Post by Xxsuperheroxx on Jun 1, 2023 20:36:19 GMT -6
Introduction
Mesh Modeling typically begins with a Mesh Primitive shape (e.g. circle, cube, cylinder…). From there you might begin editing to create a larger, more complex shape.
Modeling Modes
The 3D Viewport has three principal modes that allow for the creation, editing and manipulation of the mesh models. Each of the three modes has a variety of tools. Some tools may be found in one or more of the modes.
Modes that used for modeling:
Object Mode
Supports basic operations such as object creation, joining objects, managing shape keys, UV/color layers.
Edit Mode
Used for the majority of mesh editing operations.
Sculpt Mode
Instead of dealing with individual mesh elements, supports sculpting with brushes (not covered in this chapter).
Structure
With meshes, everything is built from three basic structures: vertices, edges and faces.
Vertices
The most elementary part of a mesh is the vertex (vertices plural) which is a single point or position in 3D space. Vertices are represented in the 3D Viewport in Edit Mode as small dots. The vertices of an object are stored as an array of coordinates.
Tip
Do not mistake the object origin for a vertex. It may look similar, but it is bigger and cannot be selected.
Edges
An edge always connects two vertices by a straight line. The edges are the “wires” you see when you look at a mesh in wireframe view. They are usually invisible on the rendered image. They are used to construct faces.
Faces
Faces are used to build the actual surface of the object. They are what you see when you render the mesh. If this area does not contain a face, it will simply be transparent or nonexistent in the rendered image.
A face is defined as the area between either three (triangles), four (quadrangles) or more (n-gons) vertices, with an edge on every side. The faces are often abbreviated to tris, quads & n-gons.
Triangles are always flat and therefore easy to calculate. On the other hand, quadrangles “deform well” and are therefore preferred for animation and subdivision modeling.
See also
Why should triangles be avoided for character animation?
When should N-gons be used, and when shouldn’t they?
Normals
In geometry, a normal is a direction or line that is perpendicular to something, typically a triangle or surface but can also be relative to a line, a tangent line for a point on a curve, or a tangent plane for a point on a surface.
In the figure above, each blue line represents the normal for a face on the torus. The lines are each perpendicular to the face on which they lie. The visualization can be activated, in Edit Mode, in the Mesh Display Viewport Overlays panel.
Properties
Reference
Panel
:
Properties ‣ Object Data ‣ Normals
Auto Smooth
Edges where an angle between the faces is smaller than specified in the Angle field will be smoothed, when shading of these parts of the mesh is set to smooth. This is an easier way to combine smooth and sharp edges.
Advanced Smooth Shading & Sharp Edges
By default in Blender, with basic normal computing behavior, a sharp edge is always defined as an edge being either non-manifold, or having at least one of its faces defined as flat.
Enabling the Auto Smooth setting adds an extra parameter to define a sharp edge, the Angle threshold between two neighbor faces, above which the edge will always be considered as sharp.
Auto Smooth also enables Custom Split Normals handling, which can be either defined (and edited) as a mesh data layer, or generated on the fly by modifiers. In any case, when a mesh gets custom normals, they always supersede the default ones computed by Auto Smooth.
Sharp edges may still be used by the custom normals modifiers to compute their normals, depending on their settings.
Custom Split Normals
Custom Split Normals is a way to tweak/fake shading by pointing normals towards other directions than the default, auto-computed ones. It is mostly used in game development, where it helps counterbalance some issues generated by low-poly objects (the most common examples are low-poly trees, bushes, grass, etc. and the ‘rounded’ corners).
Blender supports custom normals on a ‘smooth fan’ base, defined as a set of neighbor face corners sharing the same vertex and ‘linked’ by smooth edges. This means you can have normals per face corners, per a set of neighbor face corners, or per vertex.

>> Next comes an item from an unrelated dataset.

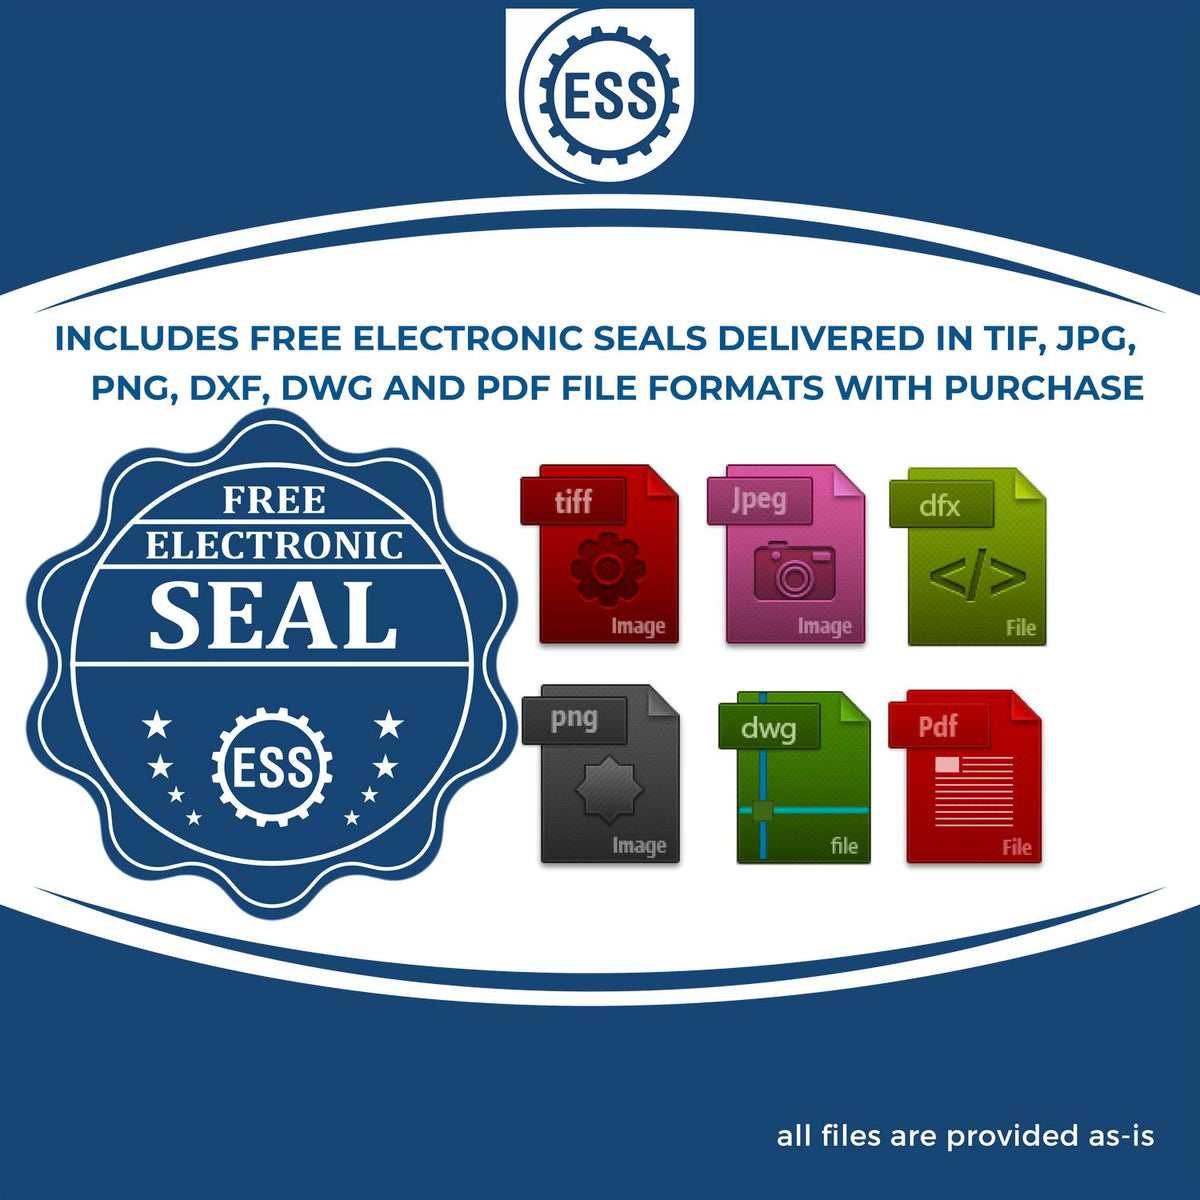 An infographic for the free electronic seal for the Slim Pre-Inked Massachusetts Professional Engineer Seal Stamp illustrating the different file type icons such as DXF, DWG, TIF, JPG and PNG.

Enabling Custom Split Normals
Reference
Mode
:
Edit Mode
Menu
:
Mesh ‣ Normals ‣ Split
Enables custom split normals. Also, any of the custom normal editing tools (see below) will, as a convenience, enable custom normals if they are not already enabled.
Note
This has the side effect of enabling Auto Smooth, as that is necessary to use custom normals. Once you have custom normals, the angle threshold of the Auto Smooth behavior is disabled – all non-sharp-tagged edges will be considered as smooth, disregarding the angle between their faces.
Editing Custom Split Normals
Reference
Mode
:
Edit Mode
Menu
:
Mesh ‣ Normals
Shortcut
:
Alt-N
There are a number of tools for editing custom split normals. The custom normal mesh edit tools can affect all normals (the default), or only selected ones. To select a custom normal associated with a particular vertex and face:
Make the element selection mode both Vertex and Face (use Shift-LMB to enable the second one).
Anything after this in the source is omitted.